*Work instruction:*
Leaving the pictures aside, restate all of the data exactly.

*Collected data:*
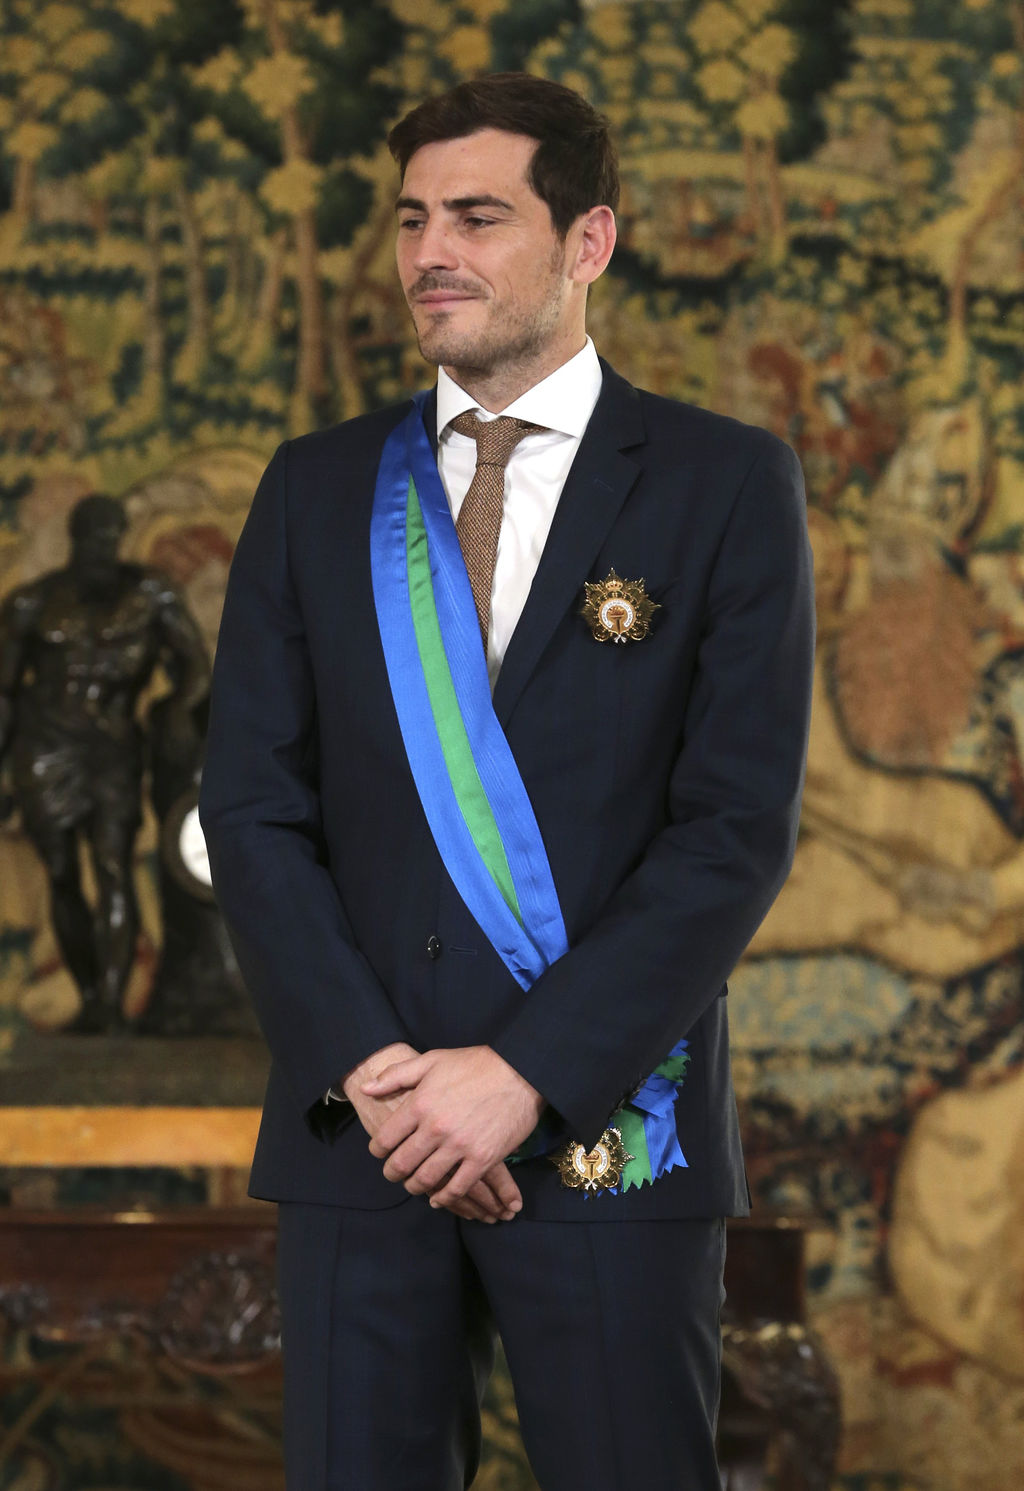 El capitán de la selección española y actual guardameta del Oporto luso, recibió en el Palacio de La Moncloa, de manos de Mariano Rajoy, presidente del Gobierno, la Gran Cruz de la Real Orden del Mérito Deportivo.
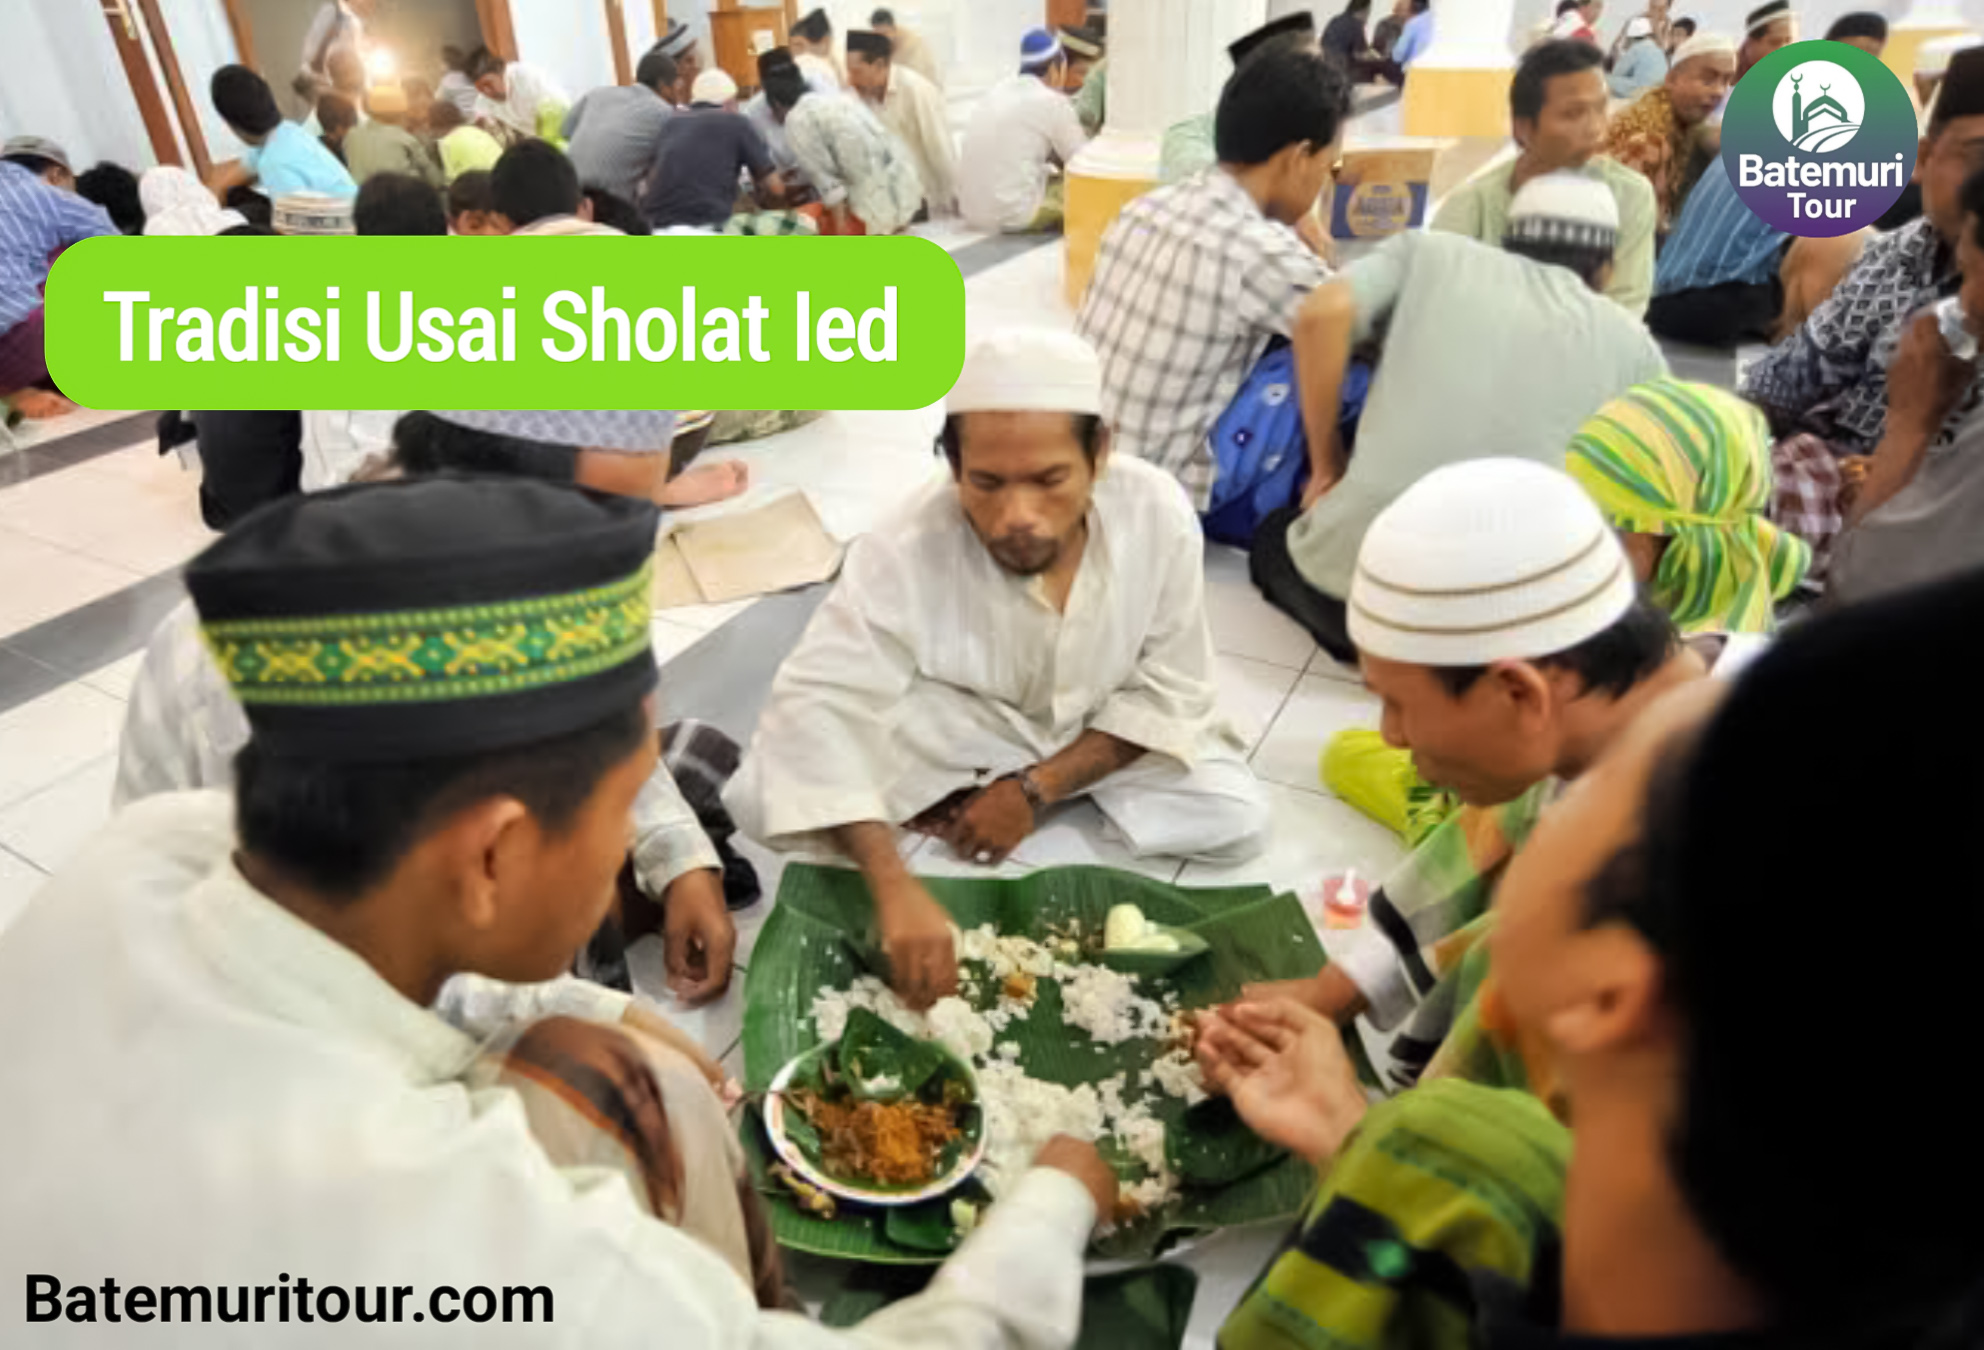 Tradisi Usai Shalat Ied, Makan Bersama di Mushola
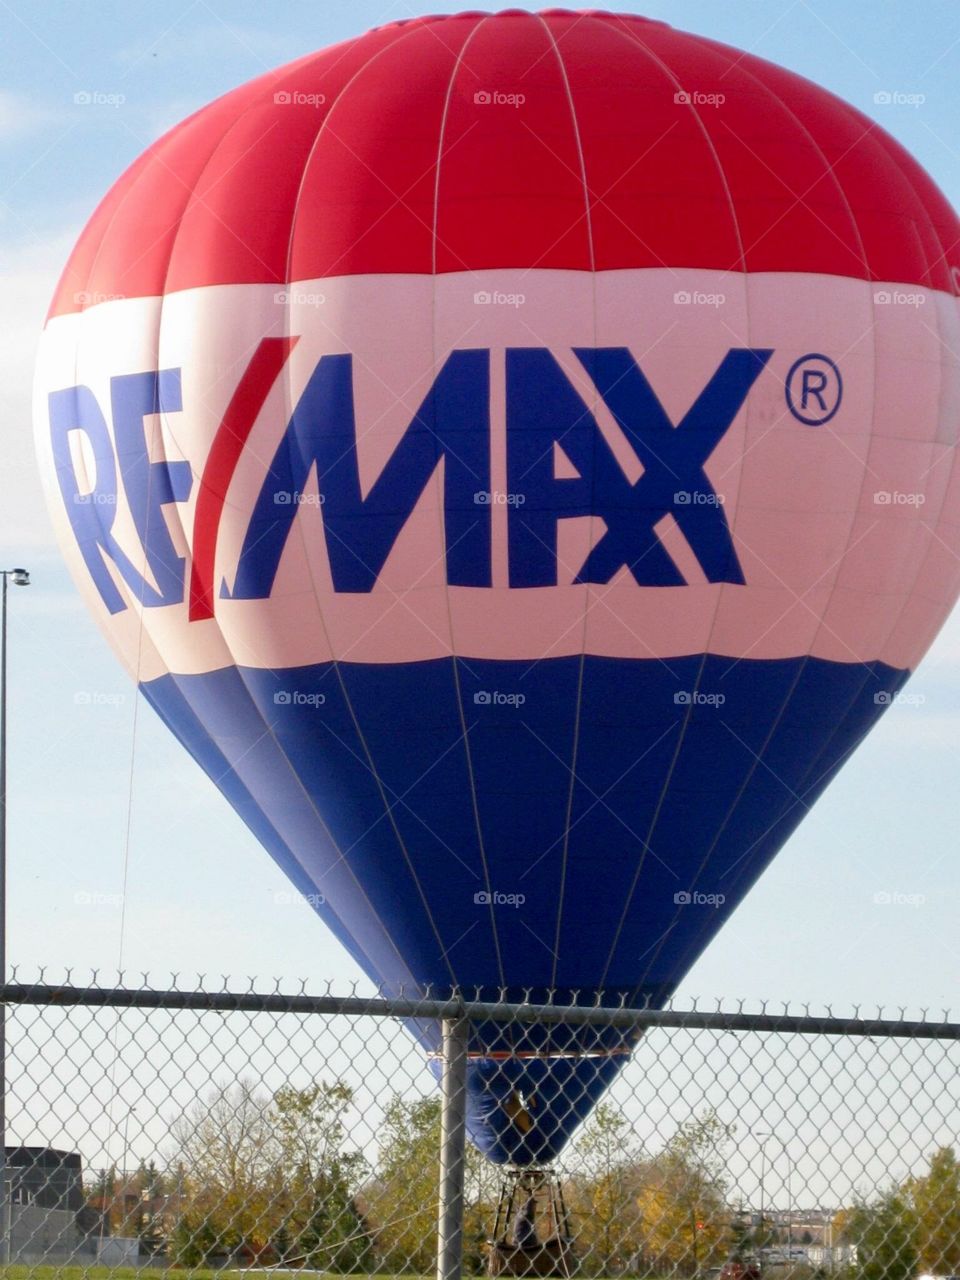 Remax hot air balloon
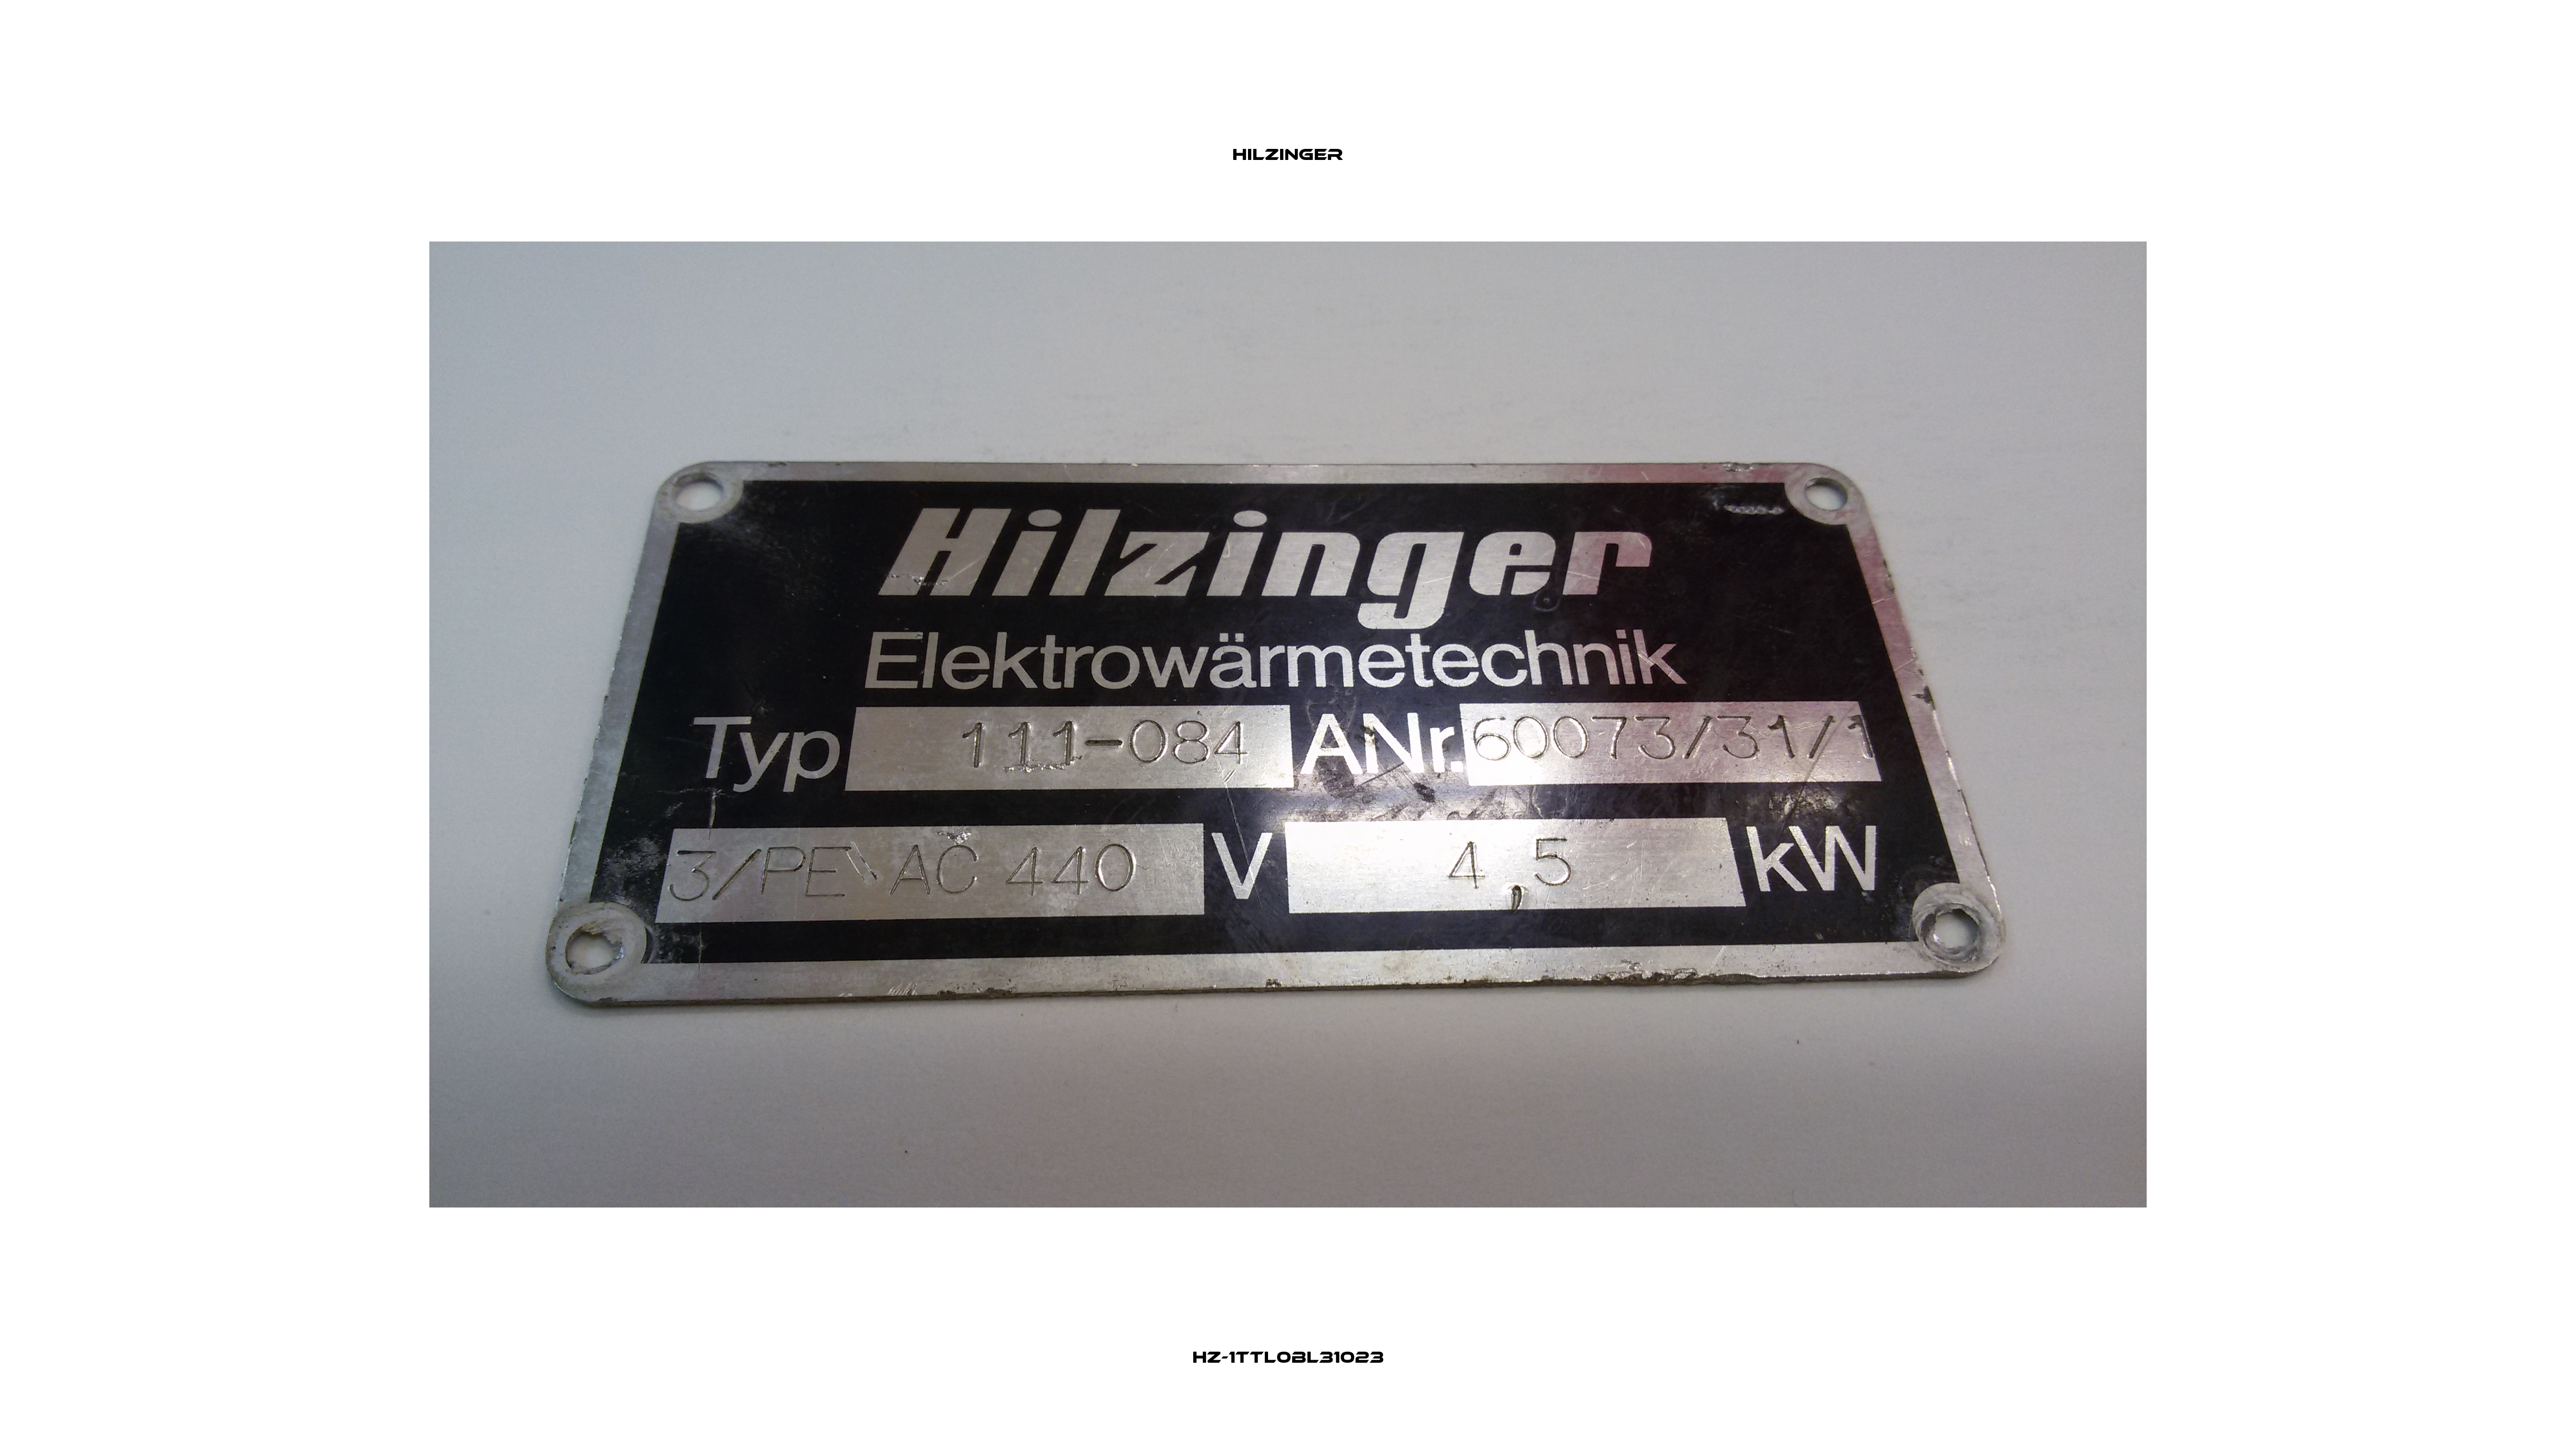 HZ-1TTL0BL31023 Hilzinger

*Output:*
 El capitán de la selección española y actual guardameta del Oporto luso, recibió en el Palacio de La Moncloa, de manos de Mariano Rajoy, presidente del Gobierno, la Gran Cruz de la Real Orden del Mérito Deportivo.
 Tradisi Usai Shalat Ied, Makan Bersama di Mushola
 Remax hot air balloon
 HZ-1TTL0BL31023 Hilzinger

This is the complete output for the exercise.